• Task goal
The response must contain every line below in which "Stock" appears.

• Material supplied
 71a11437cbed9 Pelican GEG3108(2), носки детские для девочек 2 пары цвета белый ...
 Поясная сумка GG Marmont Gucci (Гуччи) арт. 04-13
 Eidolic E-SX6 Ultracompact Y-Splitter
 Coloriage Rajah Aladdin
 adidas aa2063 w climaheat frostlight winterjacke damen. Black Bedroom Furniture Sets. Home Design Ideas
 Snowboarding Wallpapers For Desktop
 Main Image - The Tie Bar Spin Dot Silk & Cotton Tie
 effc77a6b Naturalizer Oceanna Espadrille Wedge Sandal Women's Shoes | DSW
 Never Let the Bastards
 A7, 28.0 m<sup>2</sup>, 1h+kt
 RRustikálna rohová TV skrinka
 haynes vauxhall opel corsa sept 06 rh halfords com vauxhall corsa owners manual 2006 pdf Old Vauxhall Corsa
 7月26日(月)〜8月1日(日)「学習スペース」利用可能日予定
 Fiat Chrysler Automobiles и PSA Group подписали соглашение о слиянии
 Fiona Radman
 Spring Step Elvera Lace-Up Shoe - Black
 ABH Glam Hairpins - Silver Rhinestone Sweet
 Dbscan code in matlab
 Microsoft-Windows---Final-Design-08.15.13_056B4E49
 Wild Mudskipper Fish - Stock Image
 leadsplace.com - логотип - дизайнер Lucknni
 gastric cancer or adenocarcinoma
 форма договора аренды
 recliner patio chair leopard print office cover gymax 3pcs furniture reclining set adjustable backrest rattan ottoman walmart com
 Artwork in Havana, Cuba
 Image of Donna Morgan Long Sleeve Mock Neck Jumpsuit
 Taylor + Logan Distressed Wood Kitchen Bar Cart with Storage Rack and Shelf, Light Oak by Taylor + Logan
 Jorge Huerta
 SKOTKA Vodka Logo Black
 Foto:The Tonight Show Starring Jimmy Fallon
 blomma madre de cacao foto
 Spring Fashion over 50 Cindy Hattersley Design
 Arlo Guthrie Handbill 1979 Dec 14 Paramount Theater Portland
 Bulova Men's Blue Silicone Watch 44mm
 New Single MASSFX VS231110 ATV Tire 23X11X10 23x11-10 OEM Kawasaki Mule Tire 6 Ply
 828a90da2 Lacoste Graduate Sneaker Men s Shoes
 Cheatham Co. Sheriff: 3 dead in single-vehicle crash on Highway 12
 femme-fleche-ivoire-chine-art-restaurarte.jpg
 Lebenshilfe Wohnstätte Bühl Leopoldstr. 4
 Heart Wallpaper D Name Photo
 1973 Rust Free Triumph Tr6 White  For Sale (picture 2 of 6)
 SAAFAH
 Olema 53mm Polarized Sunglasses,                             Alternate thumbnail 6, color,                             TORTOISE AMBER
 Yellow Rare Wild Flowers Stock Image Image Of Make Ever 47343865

• Solution to the exercise
 Wild Mudskipper Fish - Stock Image
 Yellow Rare Wild Flowers Stock Image Image Of Make Ever 47343865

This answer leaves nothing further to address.